Revolutionary studies have a long history starting from Thucydides, Plato and Aristotle, going through historians of Middle Ages and finishing by four generations of modern revolutionary research for the moment. History school (I generation) developed elaborate descriptions of the stages of some of the major social revolutions up to their day (often surprisingly accurate for later events as well) without a clear theory of “why” revolutions occurred or what accounted for their outcomes. The general theories of the 1960s (II generation) of T. R. Gurr, J. C. Davies, Ch. Johnson and others used social psychological and functionalist models to address the “why” question, but were subject to the criticism that their causal variables (relative deprivation, subsystems disequilibria, and the like) were vague, difficult to observe, or hard to measure. The third generation moved to the macrosociological level of comparing national cases in which the key variables included class relations, the state, the international economy etc. The search for causal patterns of social revolutions was pursued in Theda Skocpol’s path-breaking work “States and Social Revolution”, the 1979 capstone of third-generation structural theories.

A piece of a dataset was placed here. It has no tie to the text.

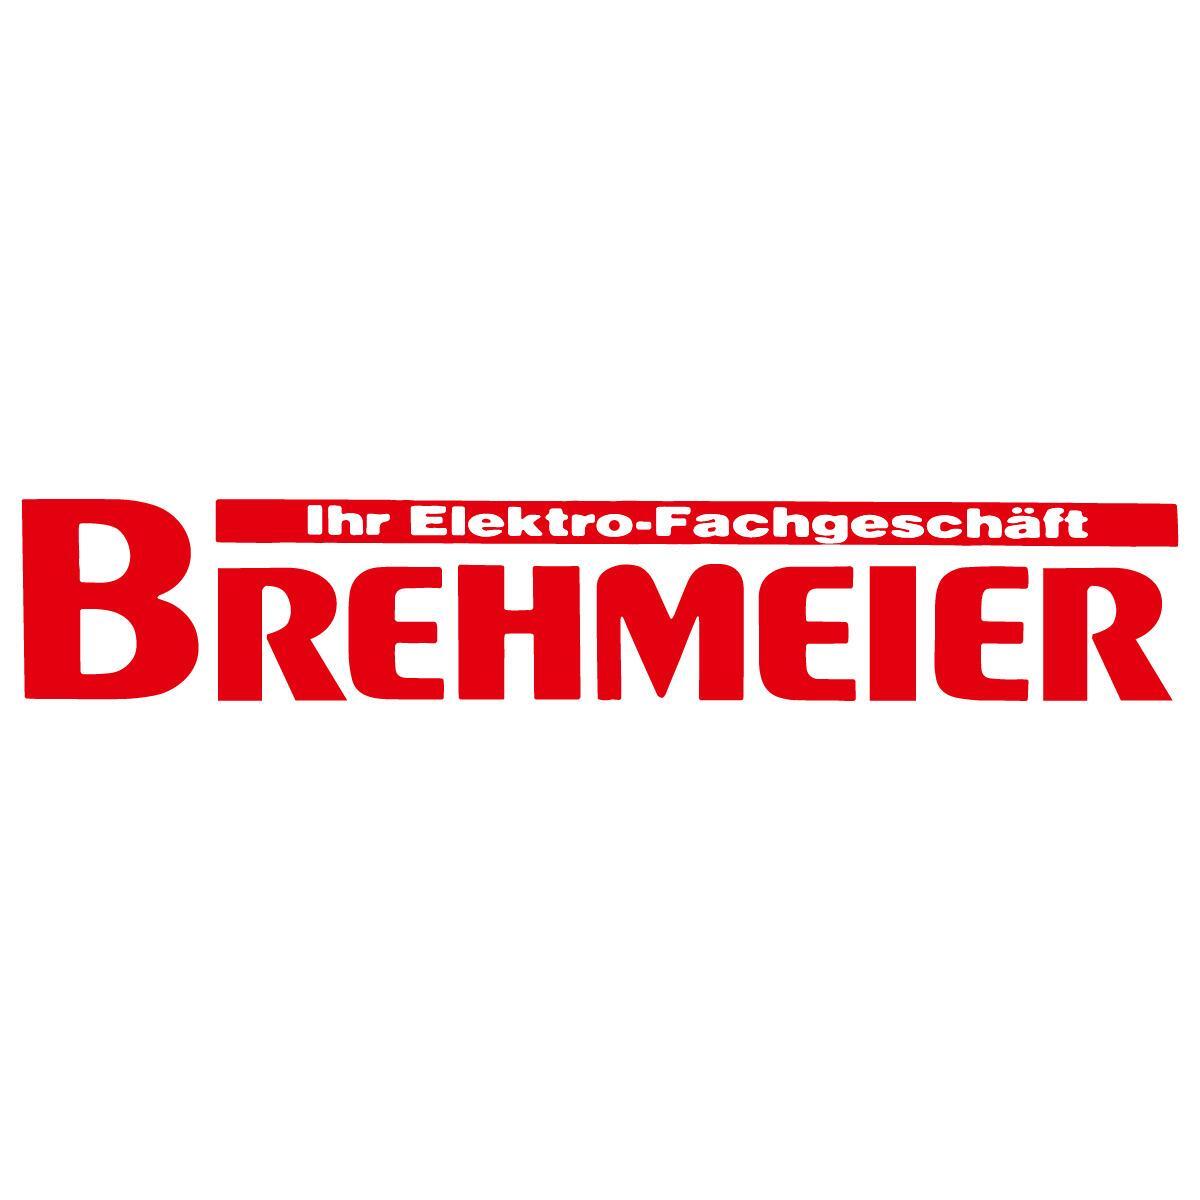 Heinrich Brehmeier Elektro-Fachgeschäft in Aerzen - Logo

The reign of third-generation theories of revolution appears to be over. No equally dominant fourth-generation theory has yet emerged, but the lineaments of such a theory are clear. Afourth generation of revolution theory is going to reverse all of Skocpol’s key stipulations. It treats stability as problematic, sees a wide range of factors and conditions as producing departures from stability, and recognizes that the processes and outcomes of revolutions are mediated by group identity, networks, coalitions and cultural framework; leadership and competing ideologies; and the interplay among rulers, elites, popular groups, and foreign powers in response to ongoing conflicts.

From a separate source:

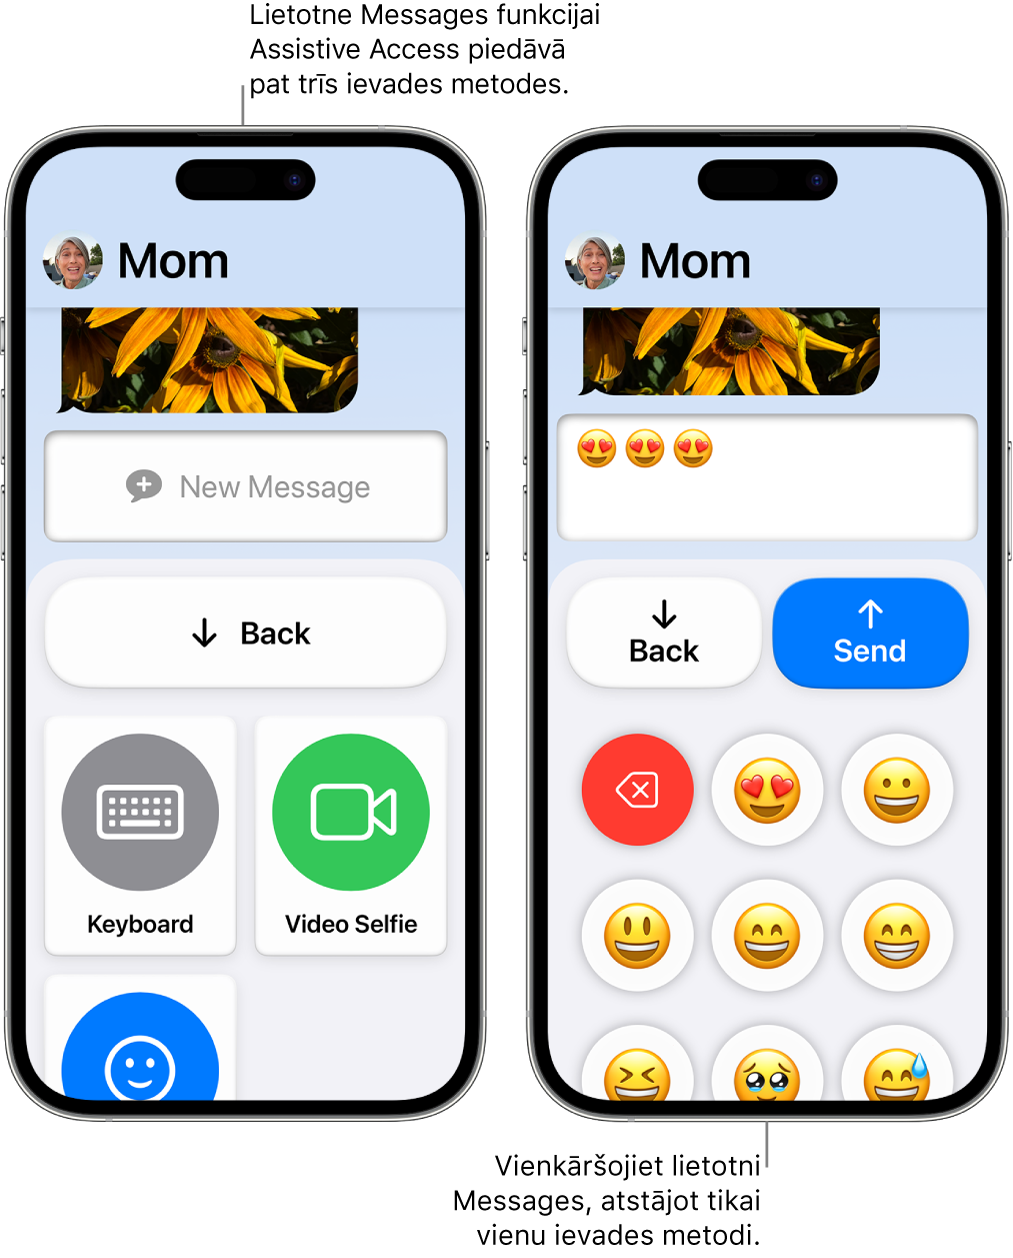 Divi iPhone tālruņi ar aktivizētu funkciju Assistive Access. Viens iPhone tālrunis, kurā redzama lietotne Messages ar ievades metodēm, ko lietotājs var izvēlēties, piemēram, Keyboard vai Video Selfie. Otrā tālrunī redzams ziņojums, kas tiek sūtīts, izmantojot tastatūru, kurā ir tikai emocijzīmes.

Still the fourth generation of revolutionary studies like all others before it can not fully explain a newly appeared phenomenon in the field of revolutionary research – “colourful revolutions” (do not to speak about many other problems of revolutionary theory, starting from the conundrum of defining revolution term and finishing by the problem of creating of the general theory of revolution). Colourful revolution (but not all researchers apply a “revolution” term to this phenomenon) is not well elaborated for the moment. It is clearly related to existing studies of revolution and may be partially explained using their insights (especially defining the causes of the revolutions), but it is unique in its implementation technique. The core idea in this context is a postmodern idea of bio-power (conception of the rule over people body and mind), firstly proposed by Michel Foucault. Practice demonstrates that the governments in post-soviet societies are hardly prepared to notice, perceive and counter applying of such technologies used by opposition, but on the other hand the examples of Belarus and Russia shows that it is possible to minimize the possibility of colourful revolutionin one separate country. In this context “ tulip revolution” in Kyrgyzstan is an example of transformation from classical violent revolution (like “Great Revolutions”) to “colourful revolution” (the most demonstrative example is “orange revolution” in the Ukraine) with a great role of accidence in this event.